On Thu, Jun 02, 2011 at 07:47:48PM +0530, Krishna Kumar2 wrote:
> > OK, I have something very similar, but I still dislike the screw the
> > latency part: this path is exactly what the IBM guys seem to hit. So I
> > created two functions: one tries to free a constant number and another
> > one up to capacity. I'll post that now.
>
> Please review this patch to see if it looks reasonable:

Hmm, since you decided to work on top of my patch,
I'd appreciate split-up fixes.

> 1. Picked comments/code from MST's code and Rusty's review.
> 2. virtqueue_min_capacity() needs to be called only if it returned
> empty the last time it was called.
> 3. Fix return value bug in free_old_xmit_skbs (hangs guest).
> 4. Stop queue only if capacity is not enough for next xmit.

That's what we always did ...

> 5. Fix/clean some likely/unlikely checks (hopefully).
>
> I have done some minimal netperf tests with this.
>
> With this patch, add_buf returning capacity seems to be useful - it
> allows less virtio API calls.

Why bother?
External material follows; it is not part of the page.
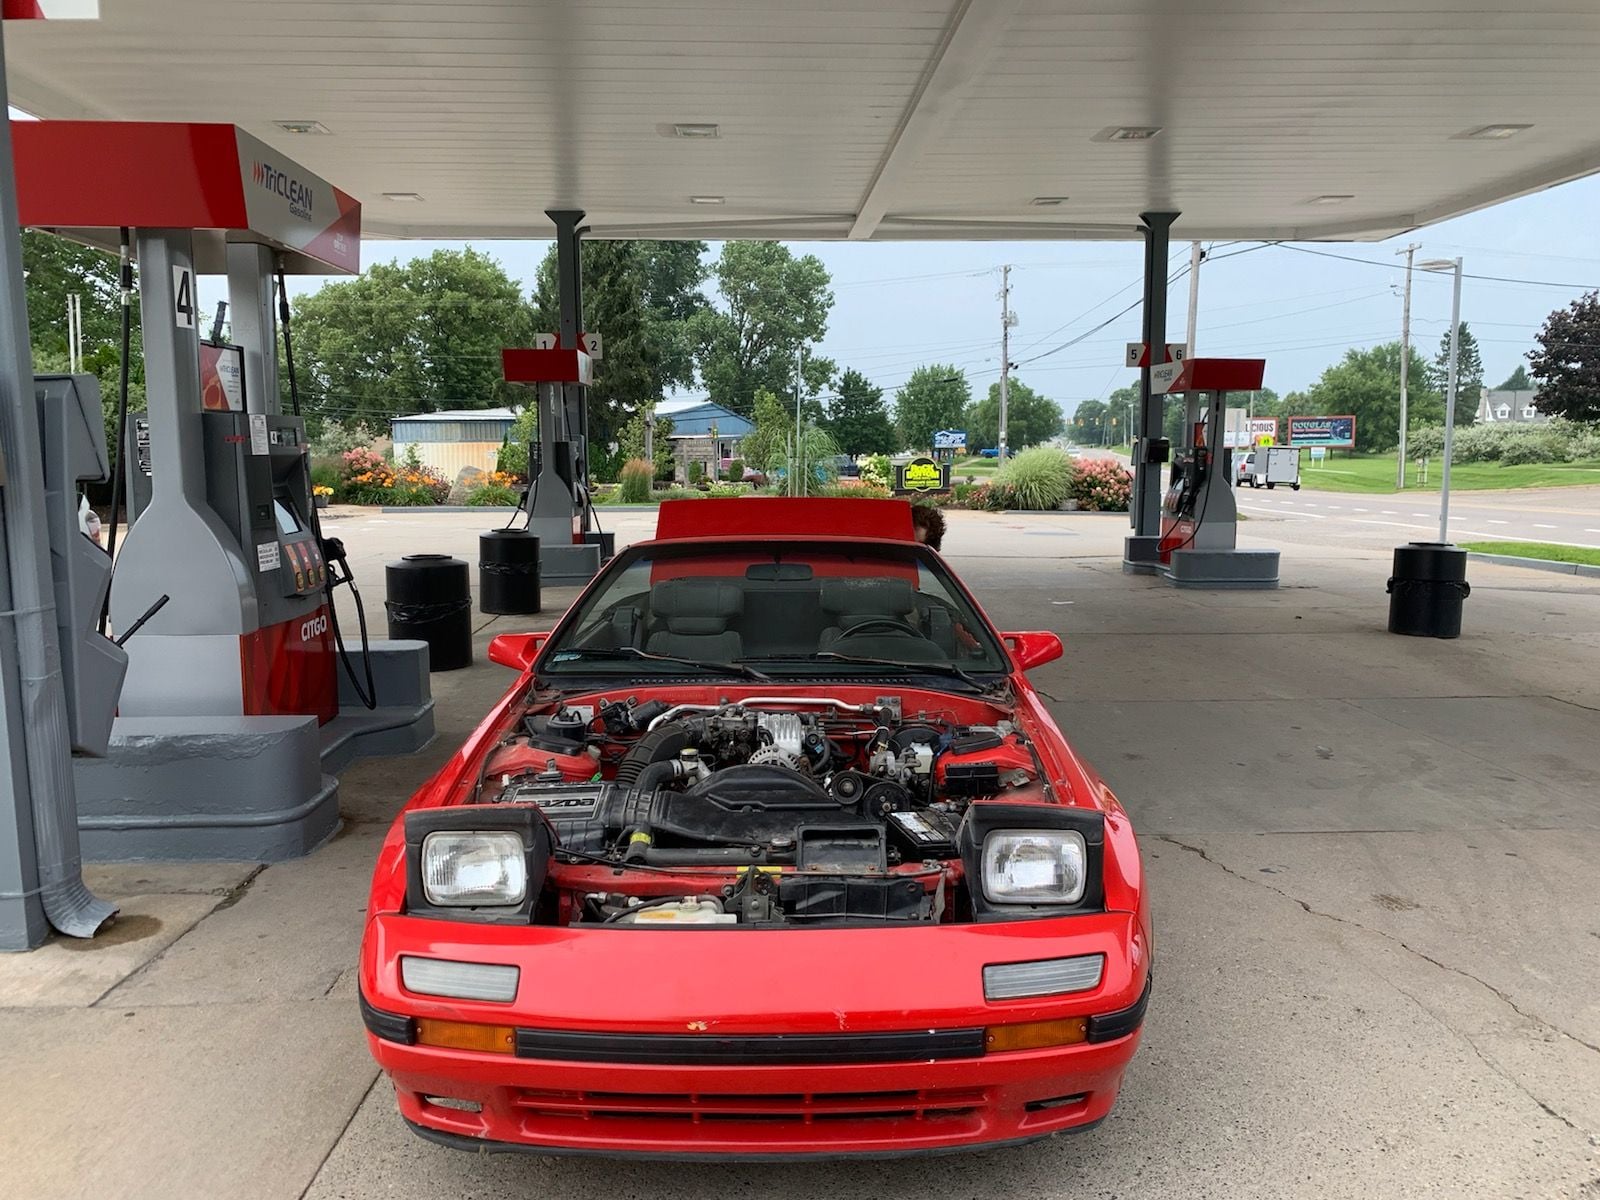 1988 Mazda RX-7 - 1988 RX-7 Vert - Used - VIN JM1FC3518J0101566 - 99,000 Miles - Other - 2WD - Manual - Convertible - Red - Milford, MI 48381, United States

It's cheap ...

>
> Signed-off-by: Krishna Kumar <[email protected]>
> ---
> drivers/net/virtio_net.c | 105 ++++++++++++++++++++++---------------
> 1 file changed, 64 insertions(+), 41 deletions(-)
>
> diff -ruNp org/drivers/net/virtio_net.c new/drivers/net/virtio_net.c
> --- org/drivers/net/virtio_net.c 2011-06-02 15:49:25.000000000 +0530
> +++ new/drivers/net/virtio_net.c 2011-06-02 19:13:02.000000000 +0530
> @@ -509,27 +509,43 @@ again:
> return received;
> }
>
> -/* Check capacity and try to free enough pending old buffers to enable queueing
> - * new ones. If min_skbs > 0, try to free at least the specified number of skbs
> - * even if the ring already has sufficient capacity. Return true if we can
> - * guarantee that a following virtqueue_add_buf will succeed. */
> -static bool free_old_xmit_skbs(struct virtnet_info *vi, int min_skbs)
> +/* Return true if freed a skb, else false */
> +static inline bool free_one_old_xmit_skb(struct virtnet_info *vi)
> {
> struct sk_buff *skb;
> unsigned int len;
> - bool r;
>
> - while ((r = virtqueue_min_capacity(vi->svq) < MAX_SKB_FRAGS + 2) ||
> - min_skbs-- > 0) {
> - skb = virtqueue_get_buf(vi->svq, &len);
> - if (unlikely(!skb))
> + skb = virtqueue_get_buf(vi->svq, &len);
> + if (unlikely(!skb))
> + return 0;
> +
> + pr_debug("Sent skb %p\n", skb);
> + vi->dev->stats.tx_bytes += skb->len;
> + vi->dev->stats.tx_packets++;
> + dev_kfree_skb_any(skb);
> + return 1;
> +}
> +
> +static bool free_old_xmit_skbs(struct virtnet_info *vi, int to_free)
> +{
> + bool empty = virtqueue_min_capacity(vi->svq) < MAX_SKB_FRAGS + 2;
> +
> + do {
> + if (!free_one_old_xmit_skb(vi)) {
> + /* No more skbs to free up */
> break;
> - pr_debug("Sent skb %p\n", skb);
> - vi->dev->stats.tx_bytes += skb->len;
> - vi->dev->stats.tx_packets++;
> - dev_kfree_skb_any(skb);
> - }
> - return r;
> + }
> +
> + if (empty) {
> + /* Check again if there is enough space */
> + empty = virtqueue_min_capacity(vi->svq) <
> + MAX_SKB_FRAGS + 2;
> + } else {
> + --to_free;
> + }
> + } while (to_free > 0);
> +
> + return !empty;
> }

Why bother doing the capacity check in this function?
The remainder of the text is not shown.